Он тянется к моей руке. Я охотно подаю ее.
Мы идем в другой конец комнаты; оказавшись в алькове, я смотрю вверх, на наручники, что свисают с потолочной балки. Но пугают меня вовсе не они. Нет, страшно мне от того, что расположено на стене. Кожаные плетки. Стек. Несколько палок.
Броуди подталкивает меня к наручникам и сковывает мое левое запястье.
Пути назад нет. Я в его власти.
Он хватает меня за правую руку и умело защелкивает второй наручник. Теперь обе мои руки закреплены над головой, а капитан изучает свою пленницу, наслаждаясь ее беспомощностью. Он медленно подходит сзади и без предупреждения разрывает мое платье, обнажая спину. Нежно-нежно прикасается к моей спине и опускает руку вниз; я вздрагиваю.
Я не вижу, как он тянется за плеткой.
Первый щелчок кожаных ремней по моей спине ужасен – я дергаюсь в своих оковах. Кожа ноет от удара.
– Разве не это ты заслужила?
– Прекрати. Пожалуйста…
– Скажи правду.

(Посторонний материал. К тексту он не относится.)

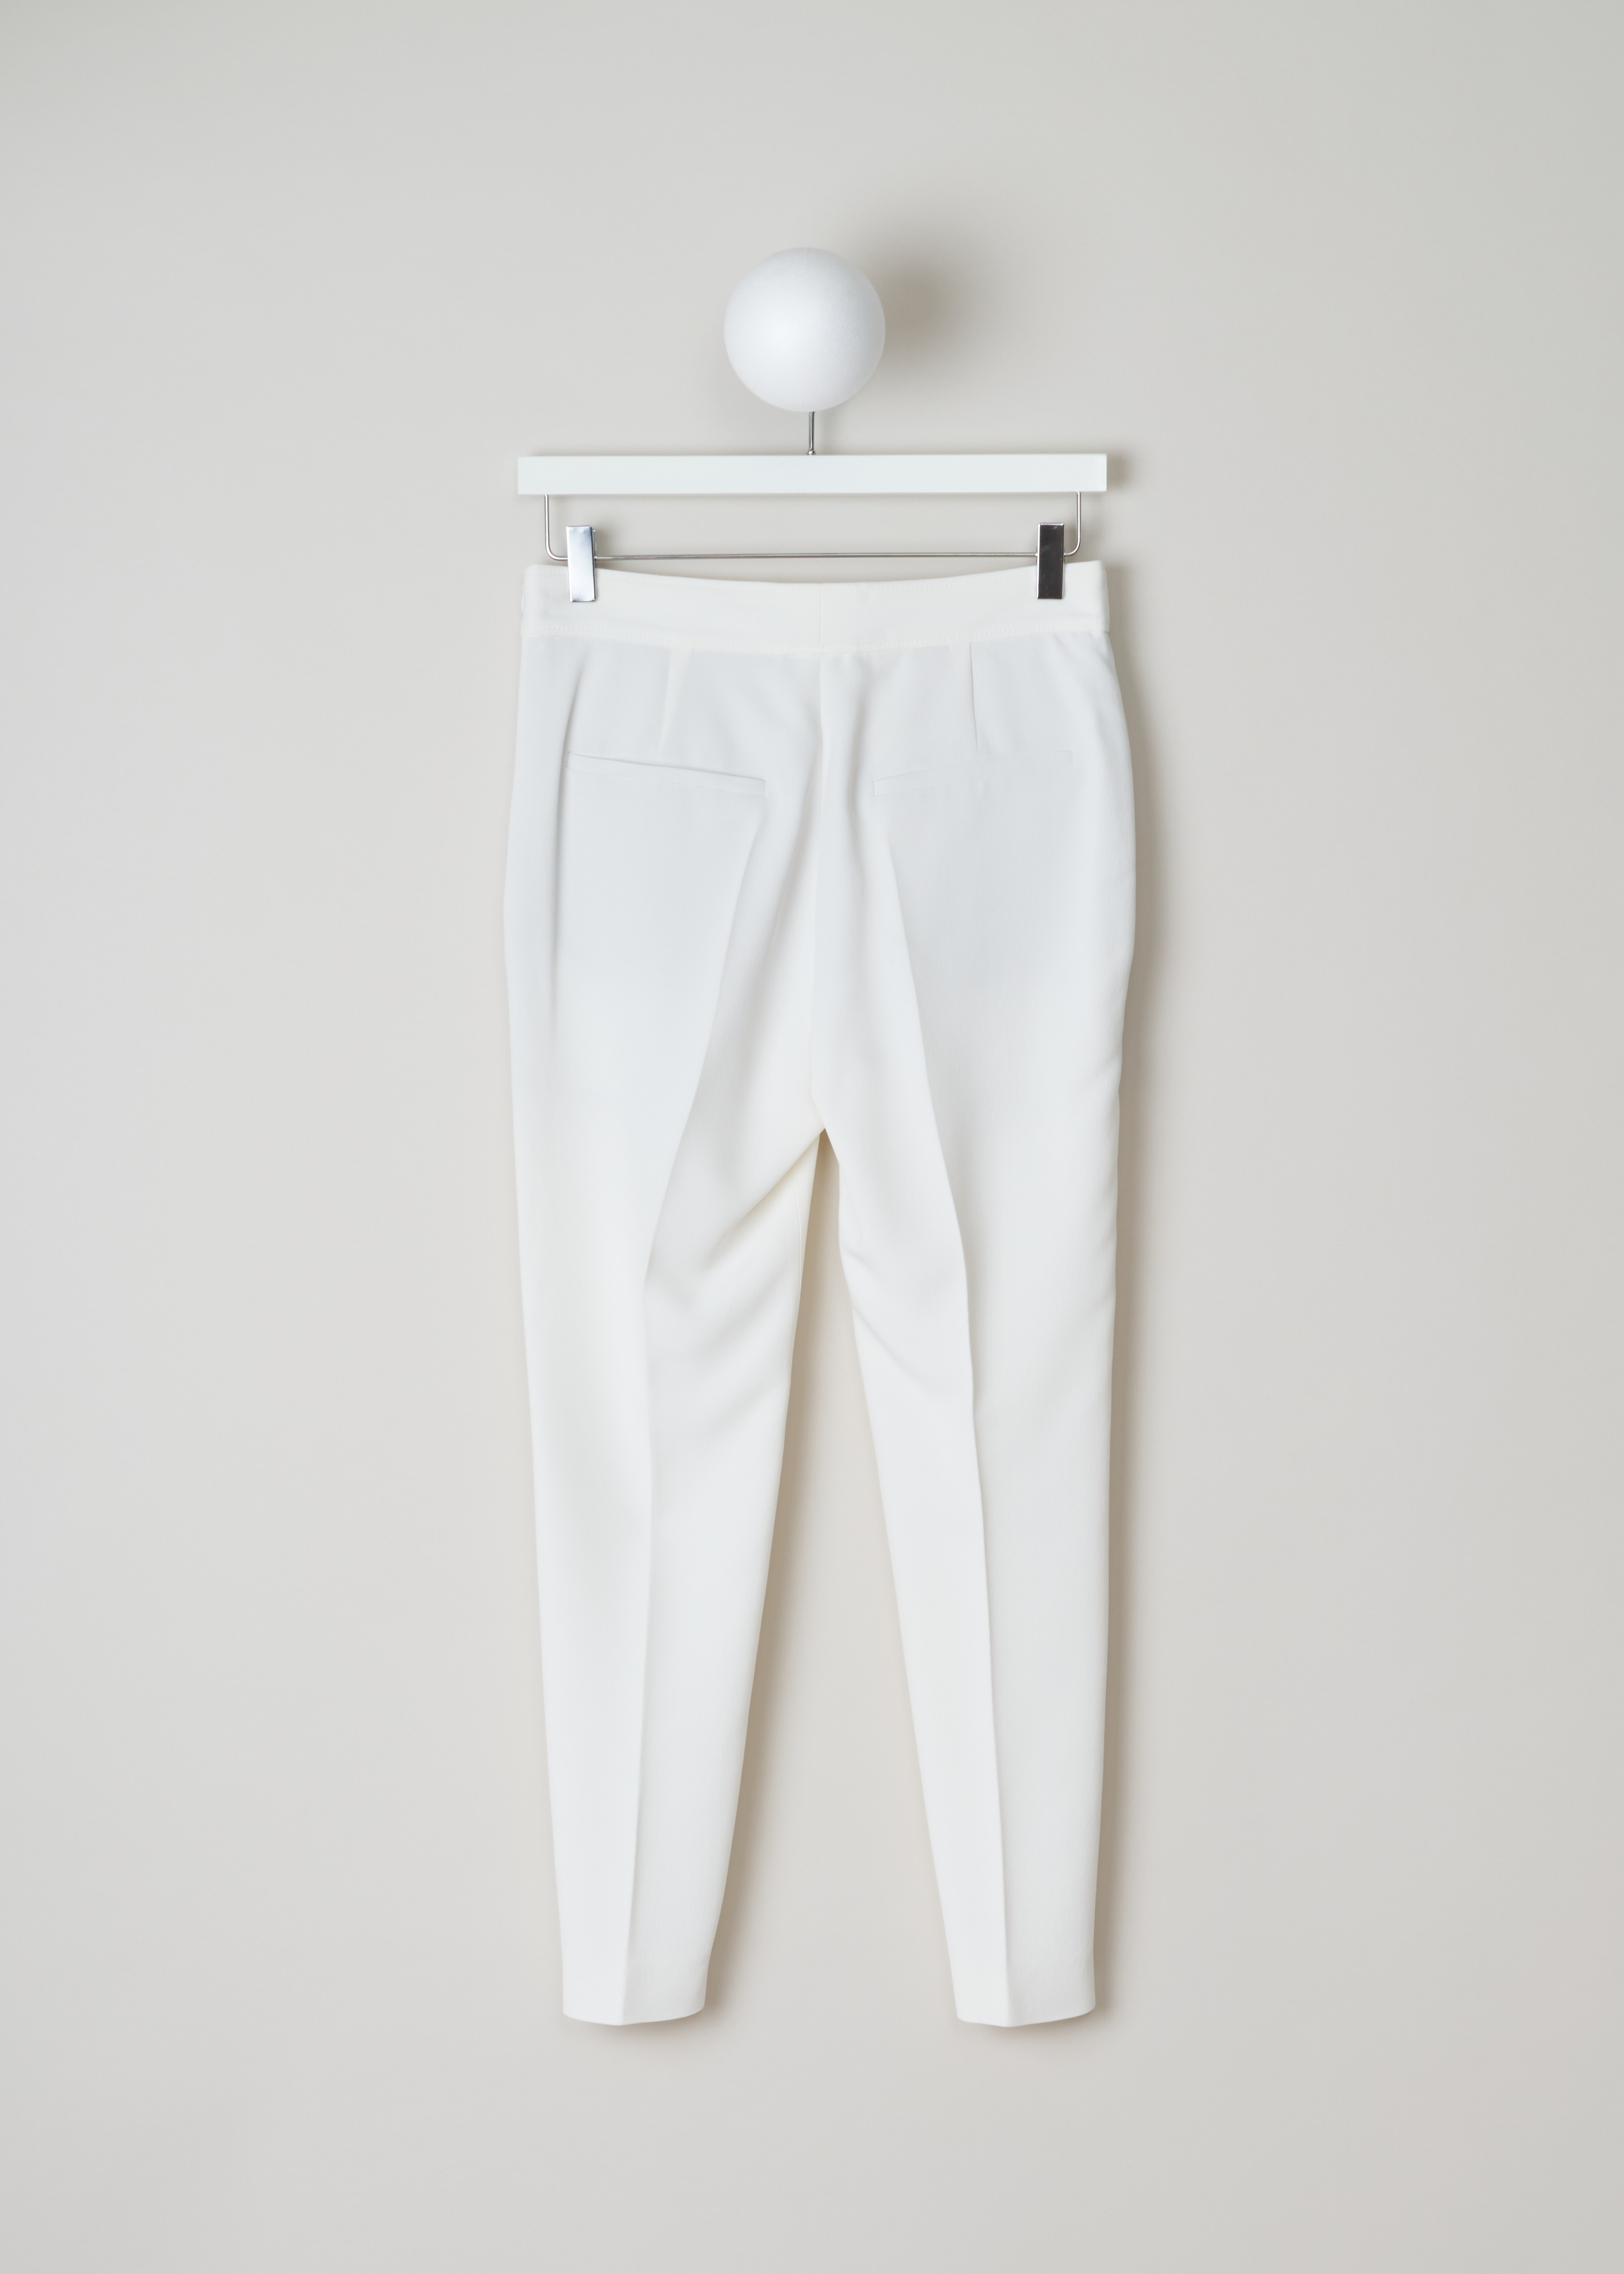 Brunello Cucinelli White trousers MA029P6301_C600 white back. White classic trousers with centre creases, side pockets and a welt pocket on the back. With an invisible zipper on the side as fastening.

Признайся в своем стыде.
И снова щелкает плеть. И снова я кричу и извиваюсь от боли.
– Признайся.
От третьего удара я начинаю всхлипывать.
– Признаю́сь! – кричу я. – Я виновна, но никогда не хотела, чтобы это случилось. Никогда не хотела…

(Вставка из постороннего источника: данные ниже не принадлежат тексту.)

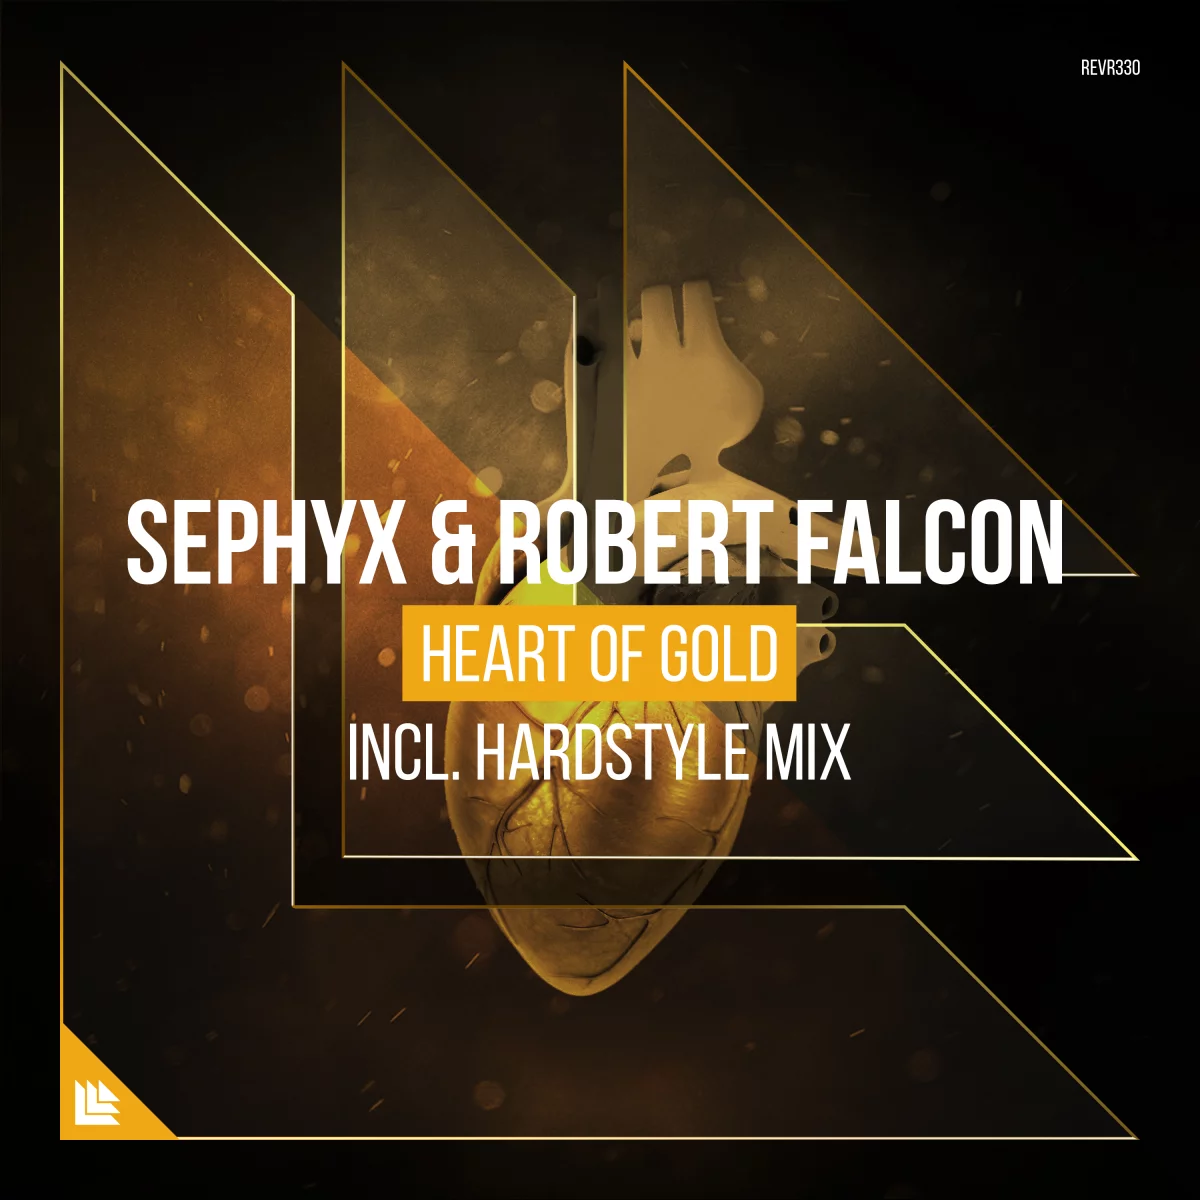 Heart Of Gold (Incl. Hardstyle Mix) - Sephyx & Robert Falcon

От очередного удара у меня подкашиваются ноги. Я повисаю на безжалостных наручниках.
Броуди наклоняется ко мне близко-близко и шепчет мне на ухо:
– Но ты ведь хотела этого, Эйва. Да?
Я поднимаю на него глаза и холодею от его улыбки. Он медленно обходит вокруг меня и останавливается за моей спиной. Я понятия не имею, что он сейчас сделает. Я не представляю, замахнется ли он снова плеткой, а потому мысленно готовлюсь к очередному удару. Вместо этого мой мучитель открывает оба наручника. Ноги меня не держат – я падаю на колени, с дрожью ожидая очередной пытки.

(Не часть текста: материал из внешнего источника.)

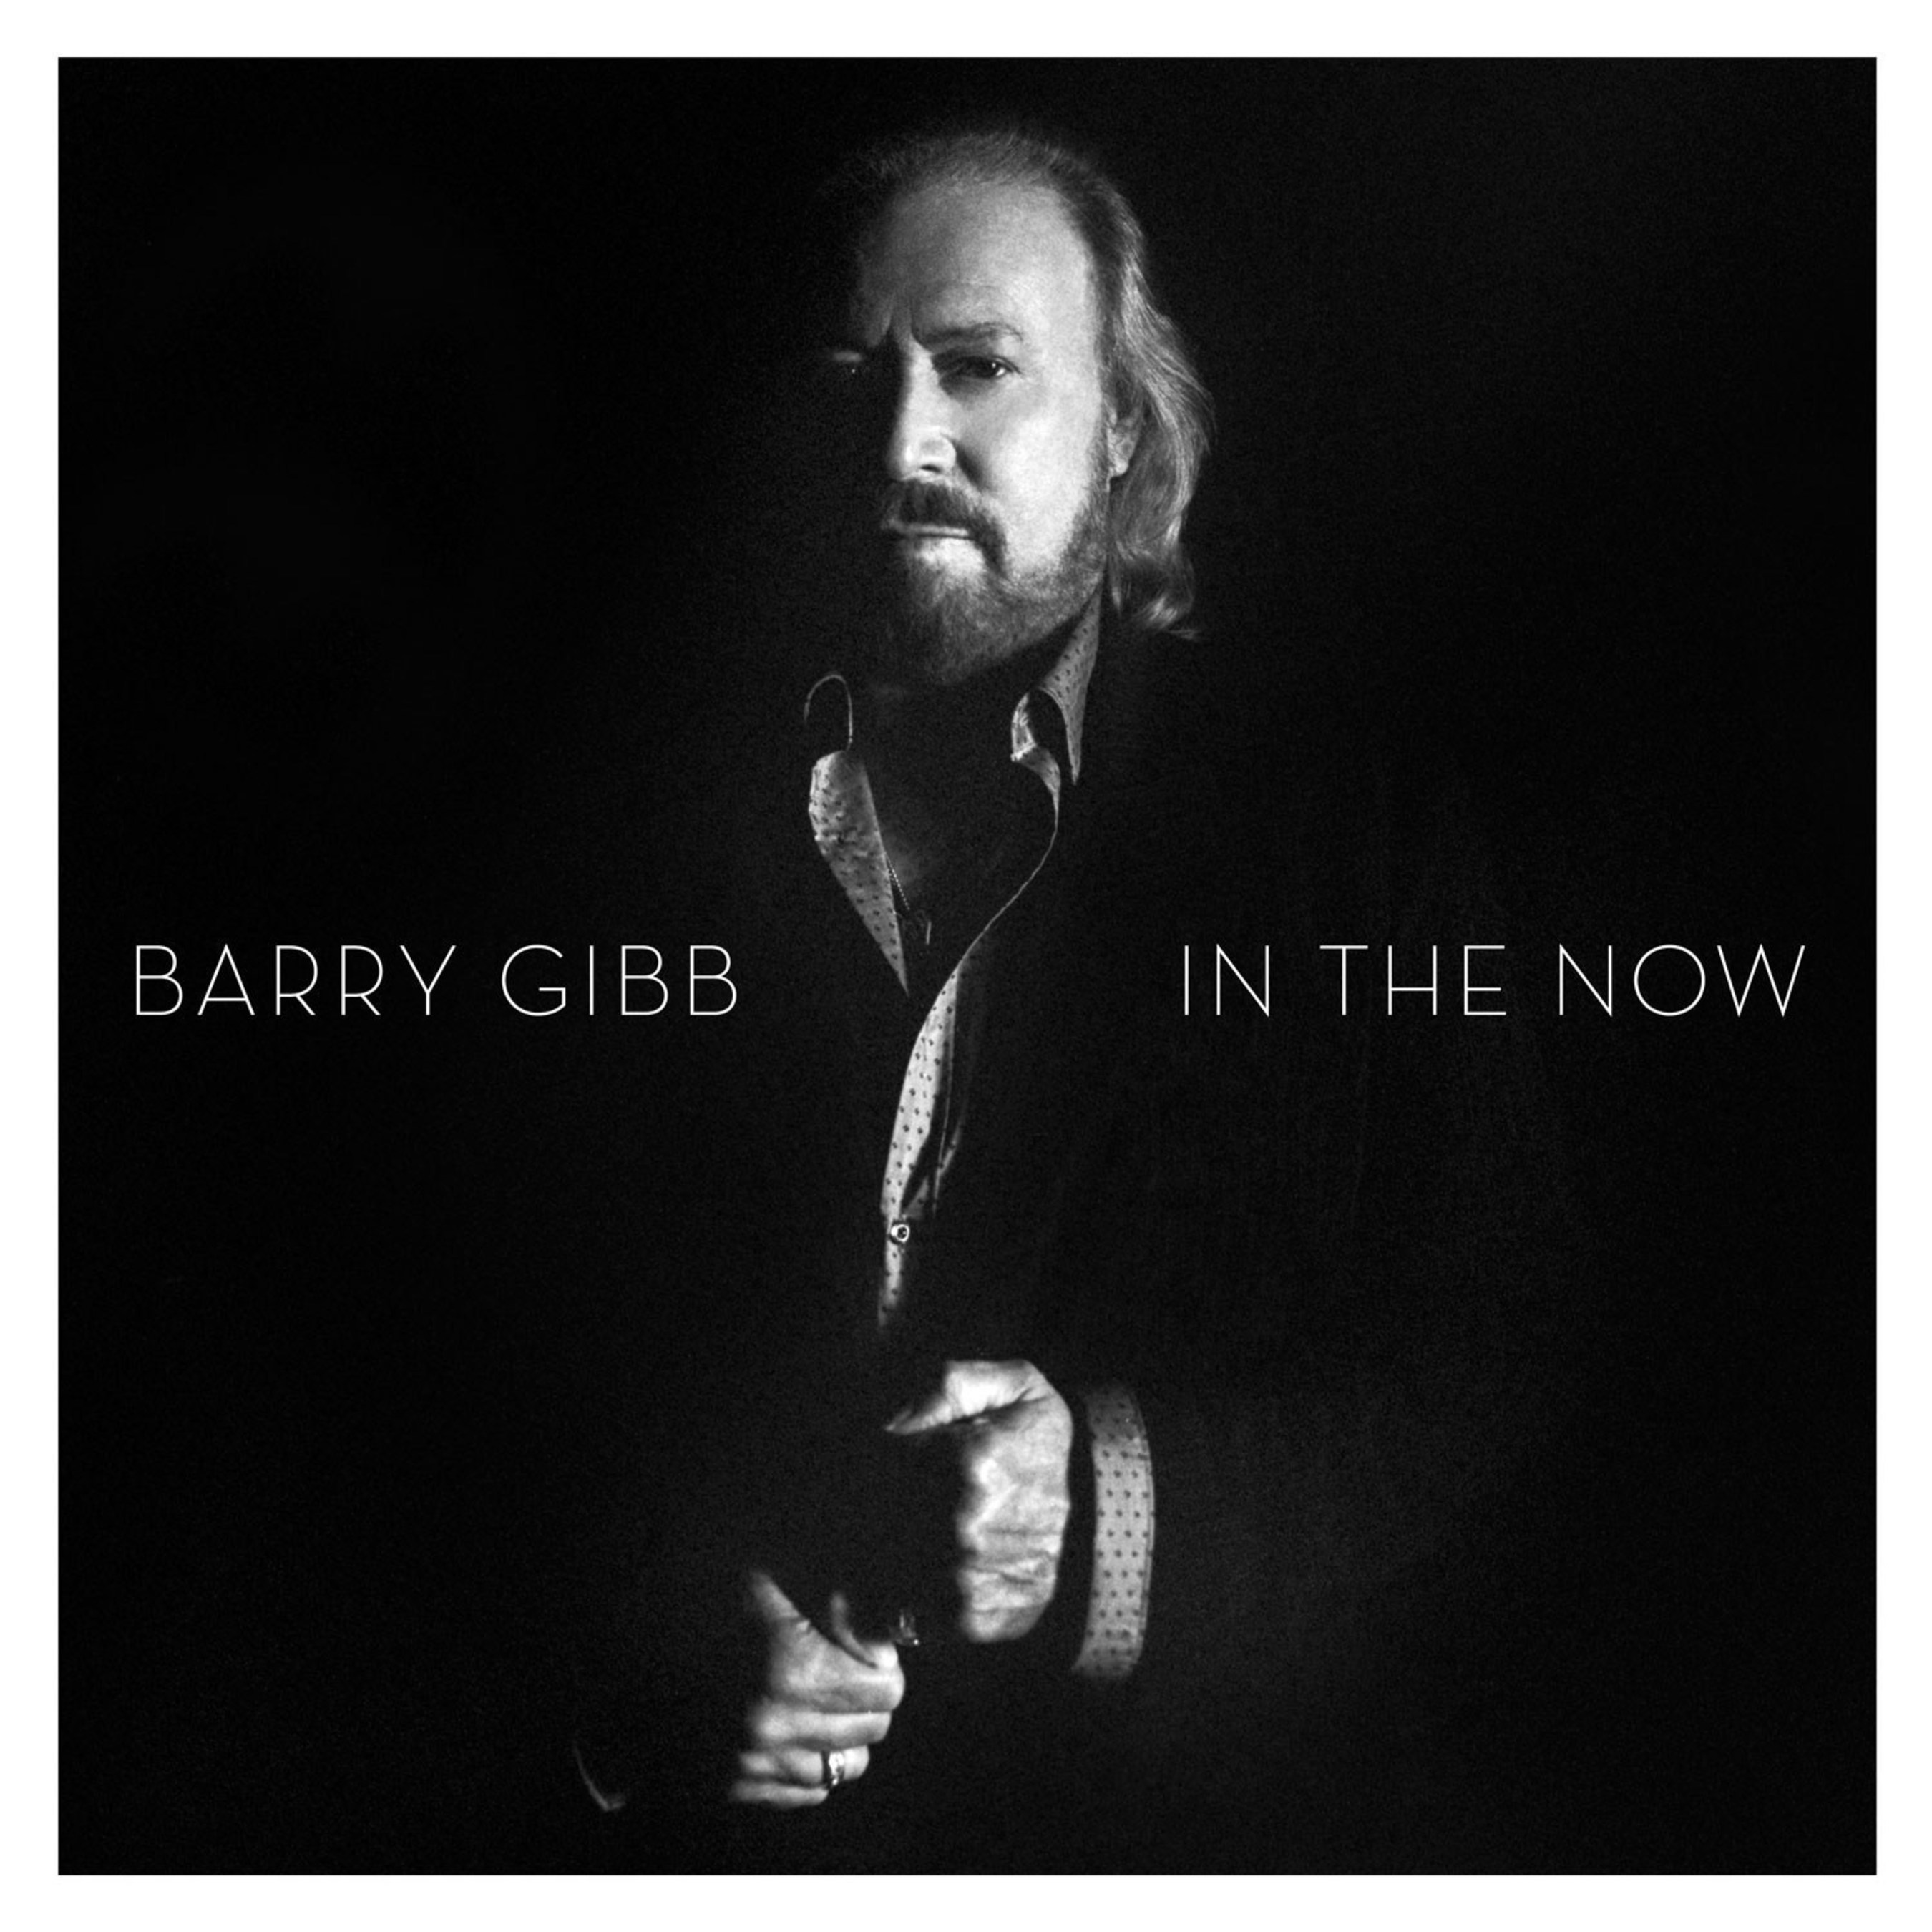 Columbia Records Announces Legendary Singer/Songwriter/Producer Barry Gibb To Release First Solo Album Involving New Material 'In The Now' On October 7; Available For Pre-Order Today

Не знаю, за каким приспособлением потянулся Броуди, но слышу, как он ударяет им по своей ладони. Подняв голову, я вижу, что он держит палку – отполированную и блестящую. Он замечает тревогу в моих глазах.
– Нет, бить тебя я не стану. Я никогда не оставляю шрамов. Этот инструмент служит совсем для других целей. – Он проводит палкой по своей ладони, любуясь полировкой при свете свечей. – И предназначен всего-навсего для вступления в игру. Тренировочное приспособление, небольшое, подходящее для самых тугих девственниц. – Он смотрит на меня. – Но ты не девственница.
– Нет, – бормочу я.
Обернувшись к стене, он тянется за другой палкой. Он держит ее передо мной, и я не в силах отвести взгляд, не могу не смотреть на жуткий, маячащий передо мной объект.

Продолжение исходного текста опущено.